Beyond key utilities, a whole host of services and resources require investment, investment that local communities should control. That’s why, in 2019, we pledged to establish regional investment banks across the country, run by local stakeholders who can decide — collectively — how best to direct public investment. Those seeking this investment would not make their case with reference to how much profit they could make in private but how much they could benefit the public as a whole.

To democratize our economy, we need to democratize workplaces too. We can end workplace hierarchies and wage inequalities by giving workers the right to decide, together, how their team operates and how their pay structures are organized. If we want to kick-start a mass transfer of power, we need to redistribute wealth from those who hoard it to those who create it.

Local people know the issues facing them, and they know how to meet them better than anyone else. If we want to practice what we preach, then the same principles of democracy, devolution, and decentralization must apply to our own parties as well. Local party members, not party leaders, should choose their candidates, create policy, and decide what their movement stands for.

Only a democratic party can provide the necessary space for creative and transformative solutions to the crises facing us all. In a world where the division between rich and poor is greater than ever before, our aim should be to unite the country around a more hopeful alternative — an alternative that recognizes how we all rely on each other to survive and thrive.

This alternative is not some abstract ideal to be imagined. It is an alternative that workers are fighting for on the picket line. Even before the nurses went on strike, 2022 was a record-breaking year for industrial action. Striking workers are not just fighting for pay, essential as these demands are. They are fighting for a society without poverty, hunger, and inequality. They are fighting for a future that puts the interests of the community ahead of the greed of energy companies. They are fighting for us all.

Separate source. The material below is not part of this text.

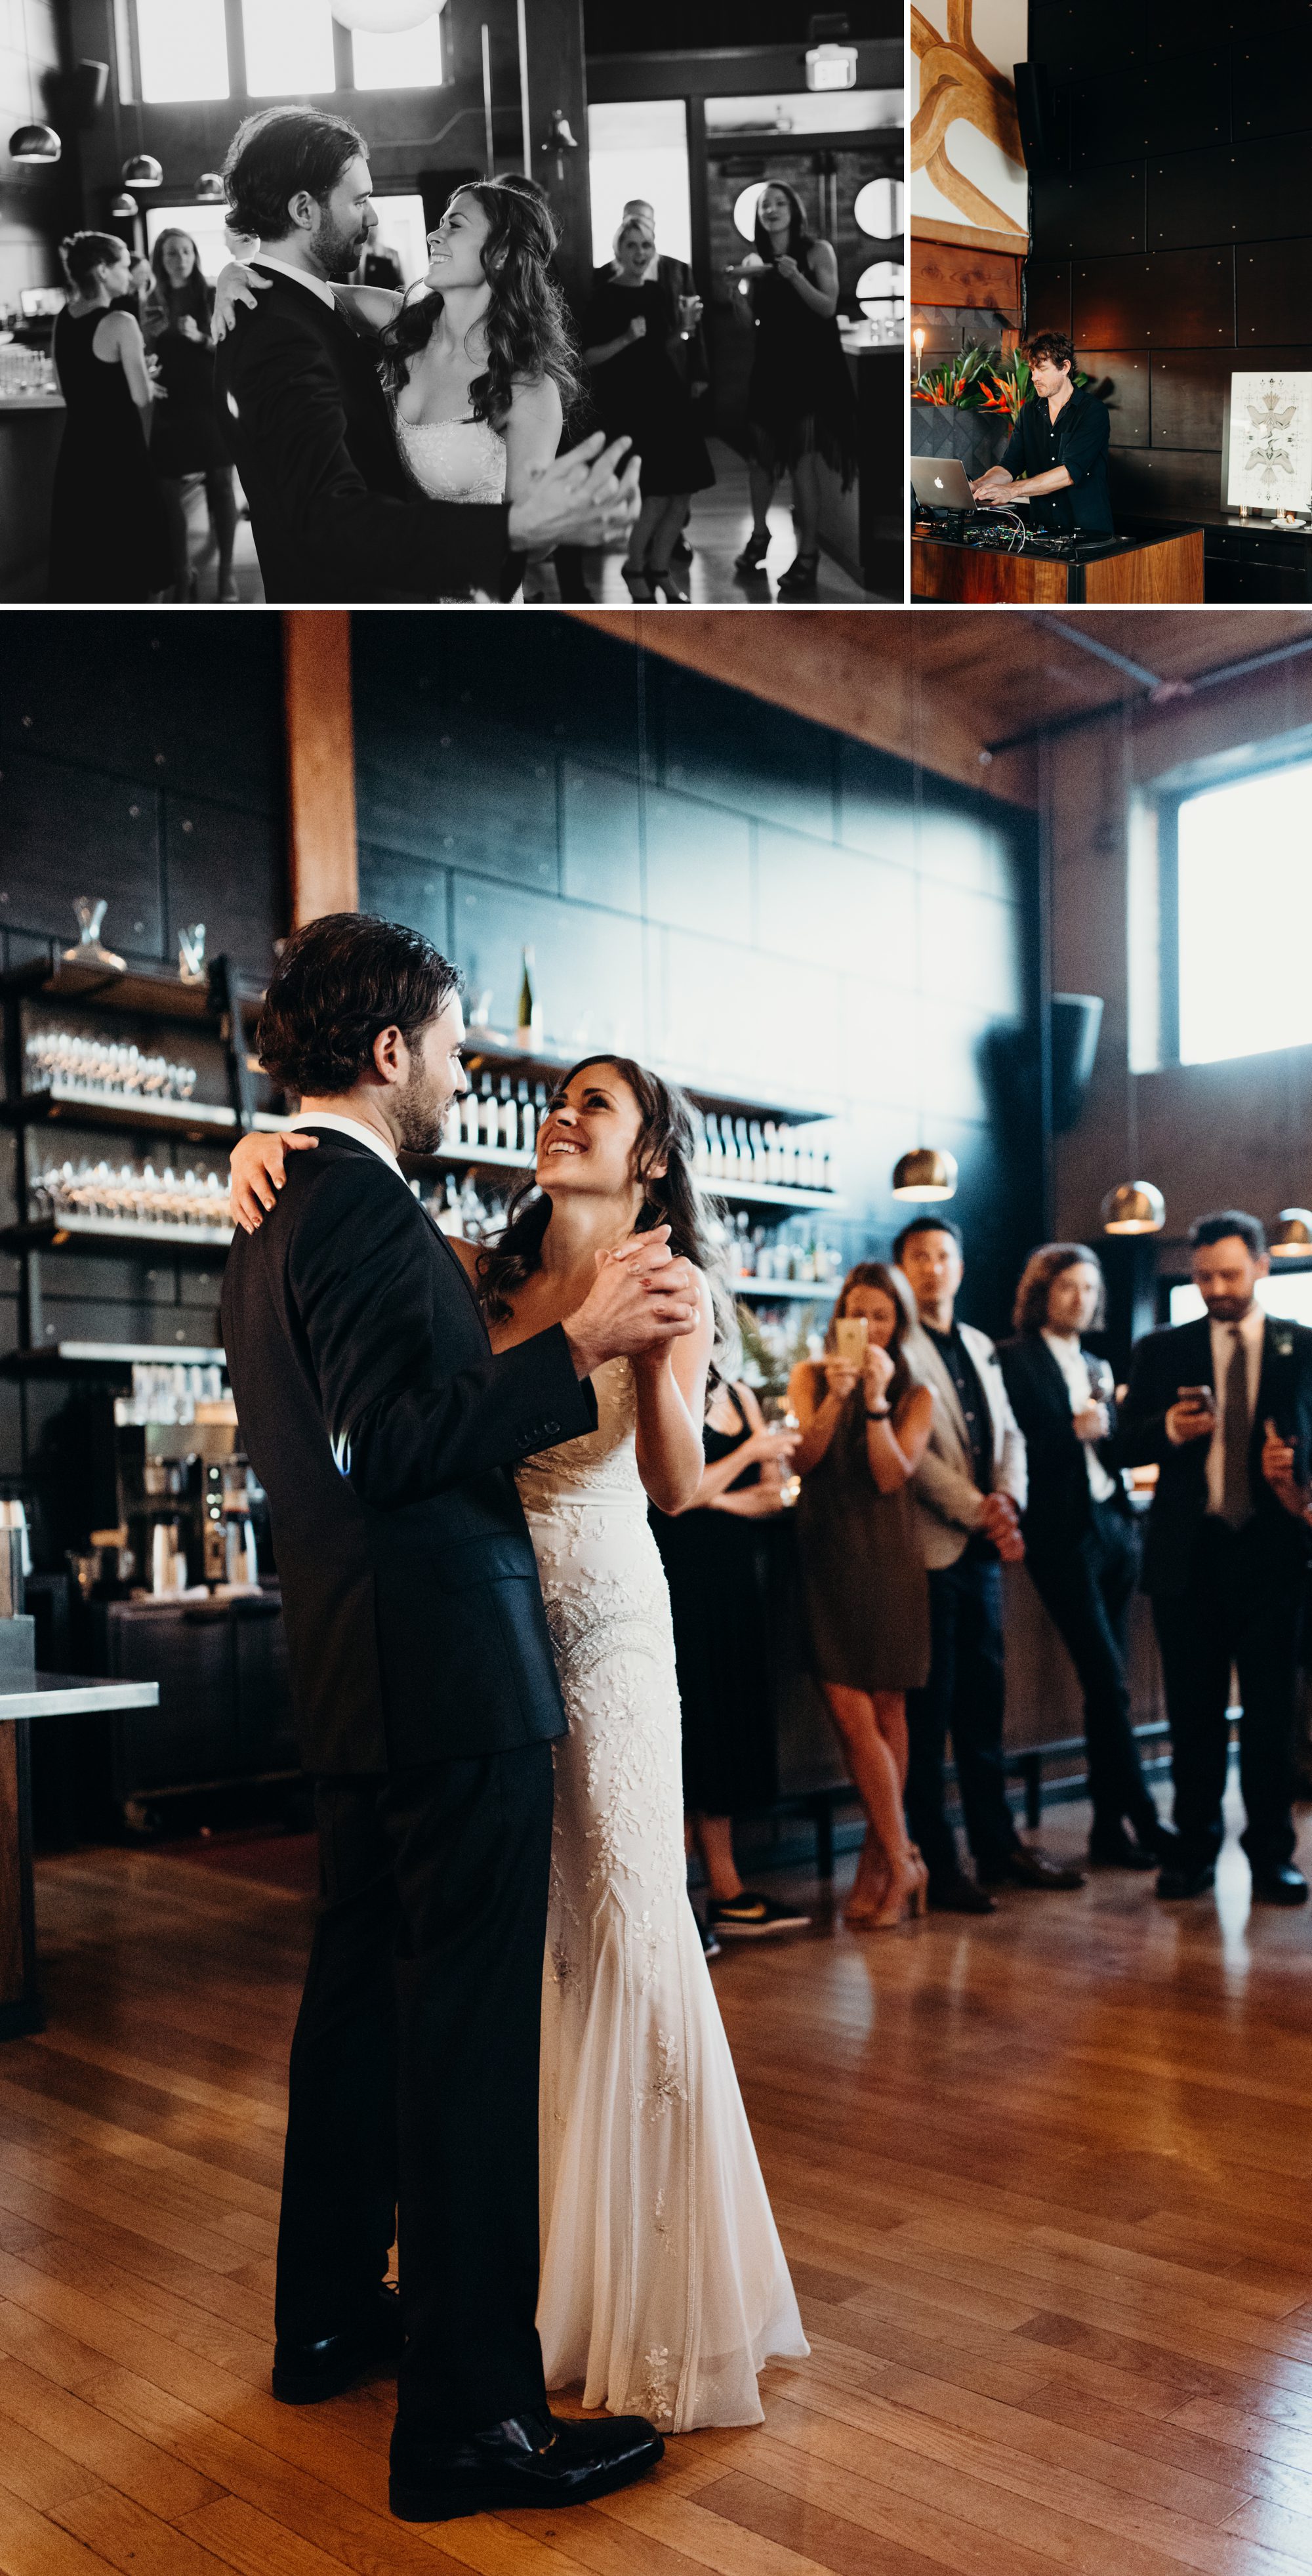 The bride and groom take their first dance. By Plaza del Toro wedding photographer Briana Morrison.
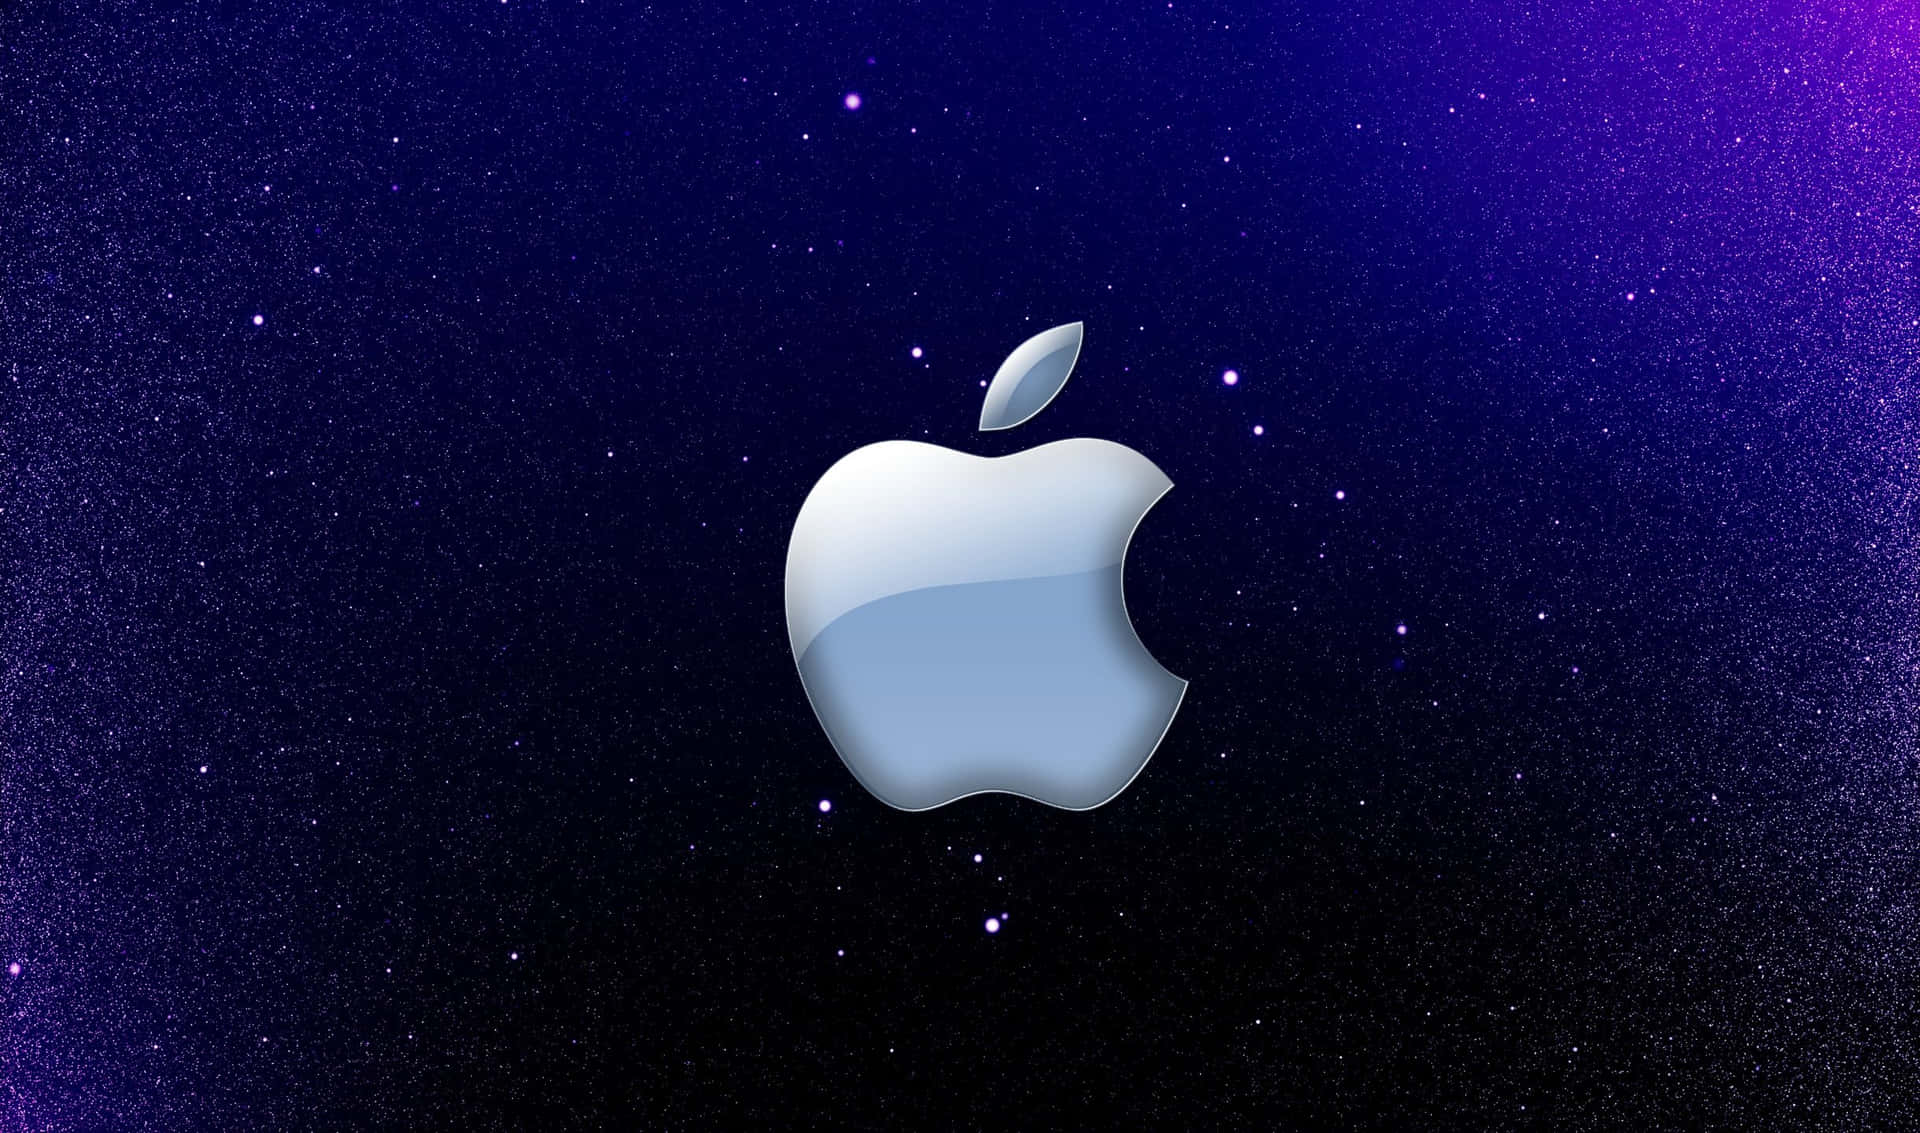 Download 2440x1440 Silver Apple Logo Background | Wallpapers.com

Their collective struggle teaches us that democracy exists — it thrives — outside of Westminster. The government is trying its best to turn dedicated postal workers and railway workers into enemies of the general public — a general public that apparently also excludes university staff, bus drivers, barristers, baggage handlers, civil servants, ambulance drivers, firefighters, and charity workers. As the enormous scale of industrial action shows, striking workers are the general public. The year 2022 will go down in history, not as the year the Tories took the public for fools, but as the year the public fought back. United in their thousands, they are sending a clear message: this is what democracy looks like.